The coalition agreement of the Rutte III government sets out a new medium-term emission target and includes additional policy measures for this transformation: The Netherlands aim at a 49%-reduction of national CO2 emissions compared to 1990 and are planning to introduce a national carbon price floor (CPF), in addition to the EU ETS price. Furthermore, the government plans to proceed with a ban of coal in power supply before 2030.

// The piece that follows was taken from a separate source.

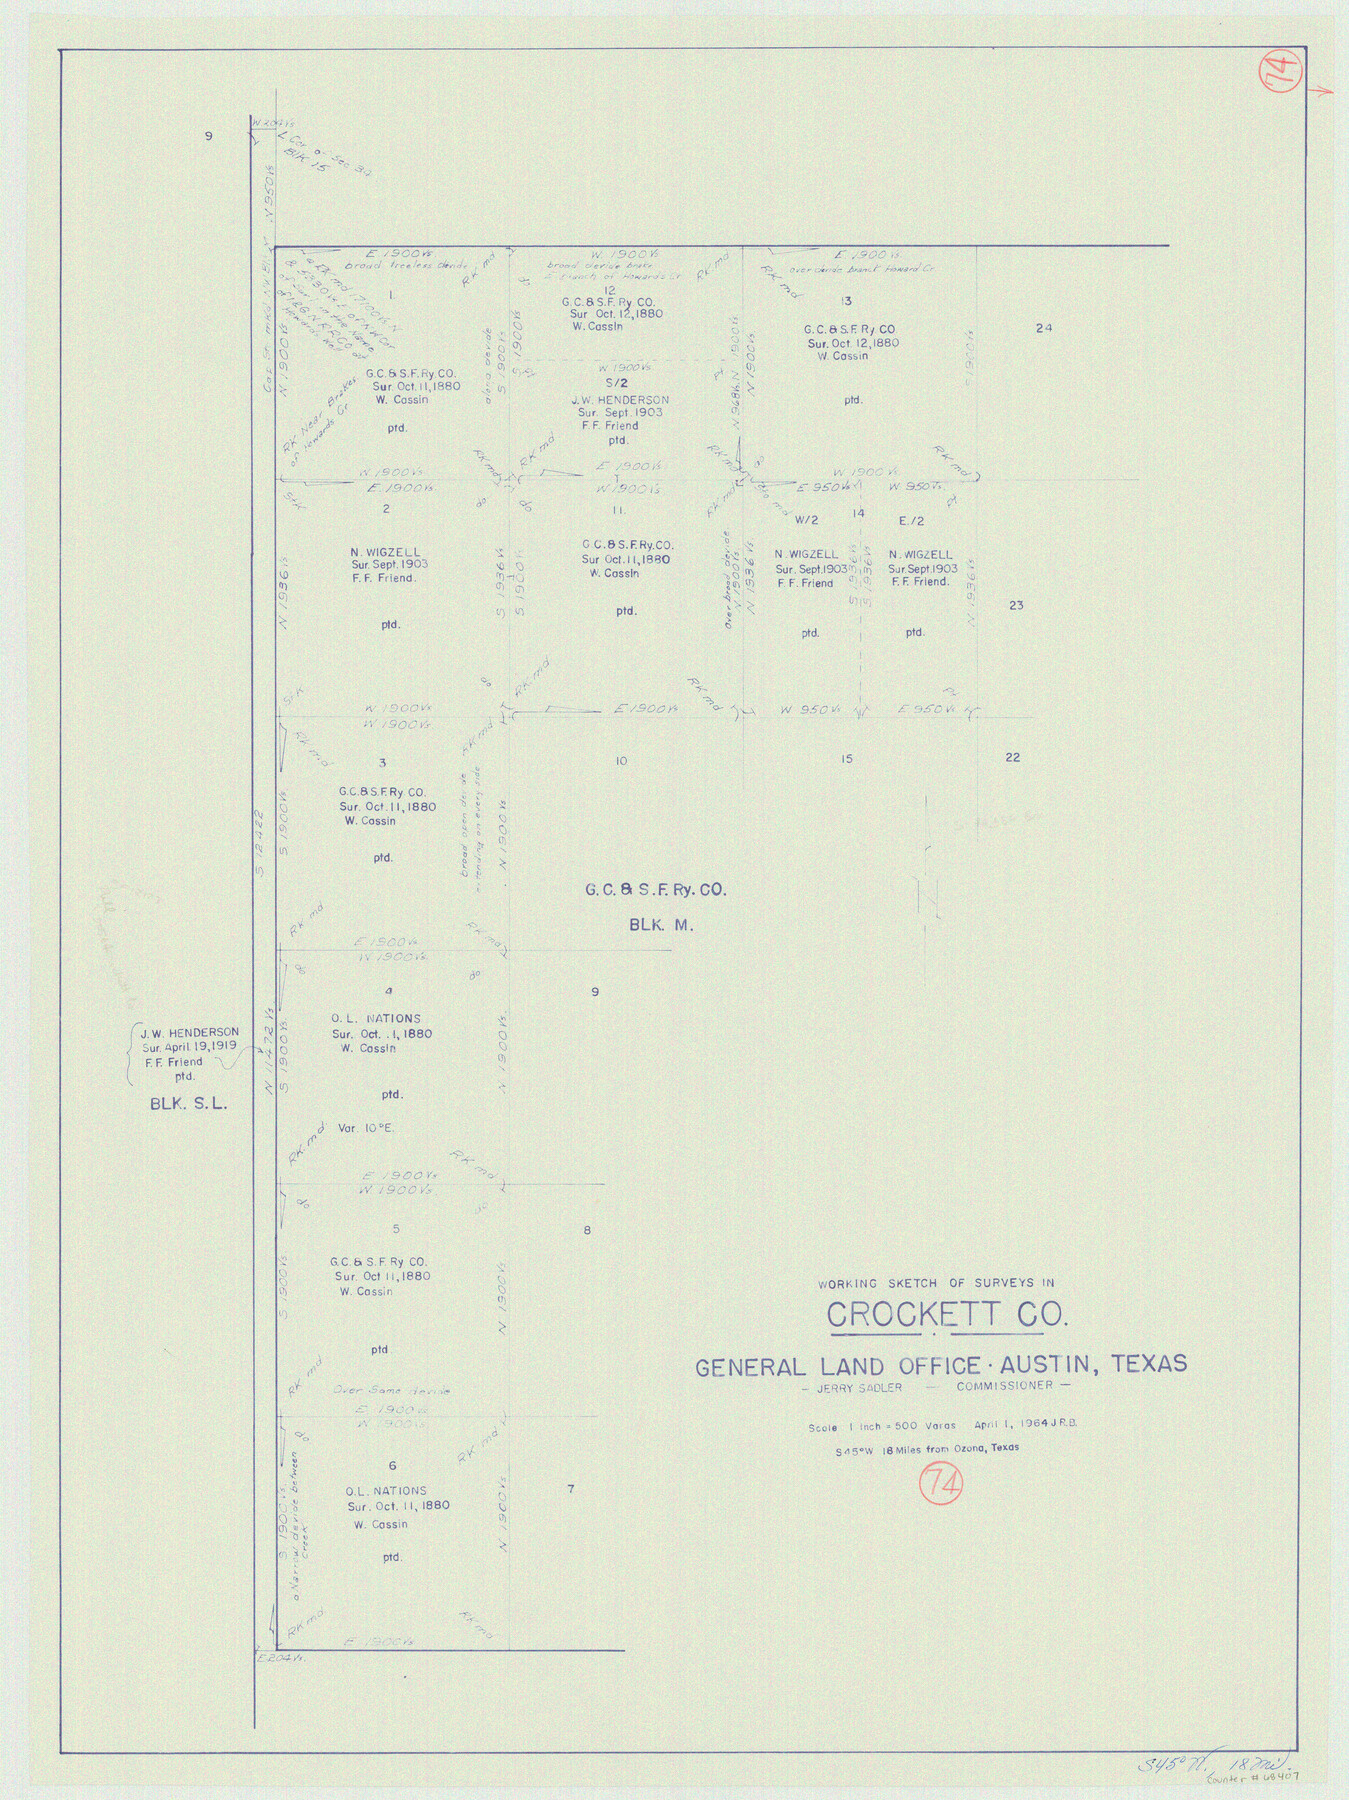 68407, Crockett County Working Sketch 74, General Map Collection

Frontier Economics has been commissioned by the Ministry of Economic Affairs and Climate Policy of the Netherlands to analyse the potential effects of the coal ban and the introduction of the carbon price floor, as envisaged in the coalition agreement. In this report, we explain the approach of the study and present the findings of our analysis:

  • Approach – We follow a model based approach using Frontier’s European Power Market Model. The same model has been applied in our 2016-study “Research of scenarios for coal-fired power plants in the Netherlands“.
  • Main Scenarios – We analyse different policy scenarios compared to the counterfactual “Reference Case” based on current policies in the Netherlands and Central-Western-Europe. The central policy scenarios are:
    • “Coal ban”: Prohibition to use coal in electricity supply from 2025/2030 onwards
    • “CPF & coal ban”: Introduction of a national carbon price floor from 2020 and a coal ban from 2025/ 2030 onwards

Additional sensitivities around policies in the neighbouring countries are also subject of the analysis.